What you say, what the slide shows

After this, you'll be able to create speaker notes for the core deck and use it to move a deck from rough material toward a presentable file.

Before you start

Complete Plan charts, tables, and diagrams first.

The idea

Speaker notes carry pacing, transitions, and detail that should not crowd the slide. This lesson asks you to make speaker notes for the core deck, not a prettier version of scattered notes. The output should be specific enough that someone could open the deck file and see what changed.

Speaker notes spill away from the slide sequence.
The first move: turn the lesson input into speaker notes for the core deck.

Here is the before and after: Before, the slide holds the script and the presenter reads it.
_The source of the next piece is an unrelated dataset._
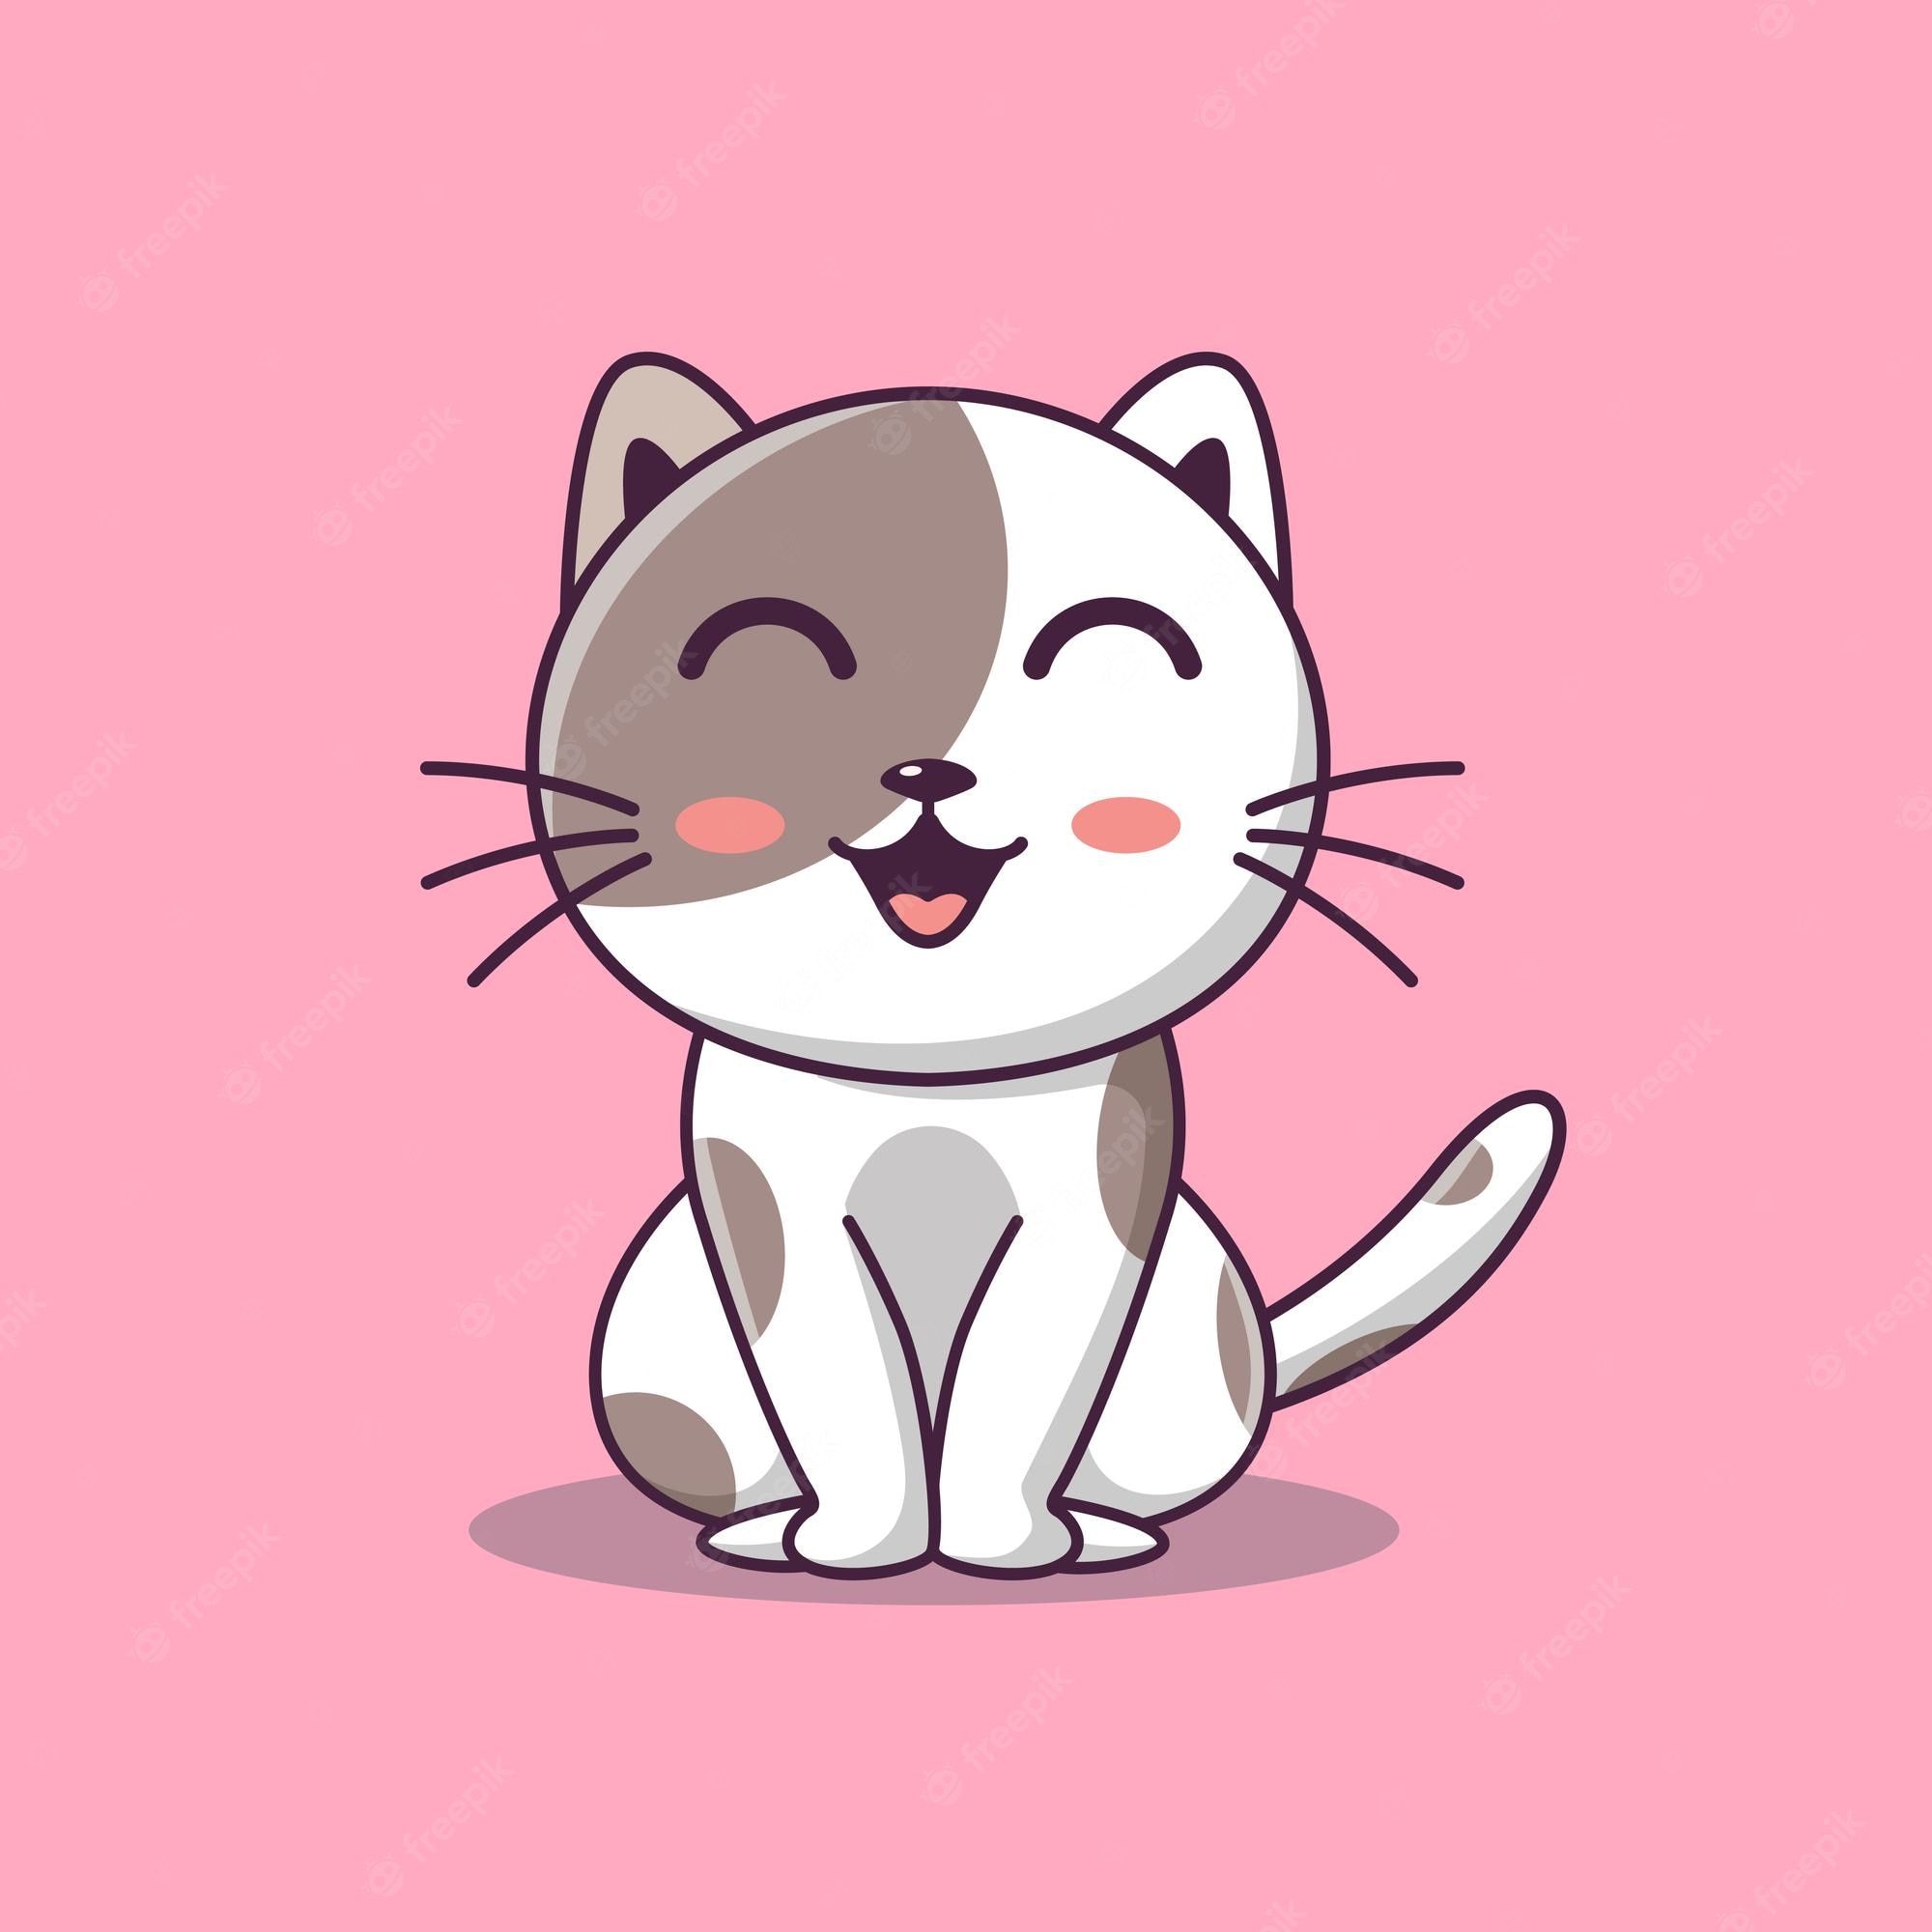 Cute Cat Cartoon Clipart Free Stock Photo - Public Domain Pictures

After, the slide stays clean and the notes explain the point, transition, and likely question. For example, if you are preparing a sales presentation, the artifact should name the audience, slide job, proof, speaker note, or export check where that detail matters. A reviewer should be able to tell whether the deck is closer to being presented, sent, or handed off.

Now try it: Write notes for five slides with three parts: say this, transition, and question to expect. Make one choice before asking Claude to write: which audience, which decision, which proof, which slide job, or which delivery mode matters most right now. That choice keeps the deck from becoming a generic presentation outline.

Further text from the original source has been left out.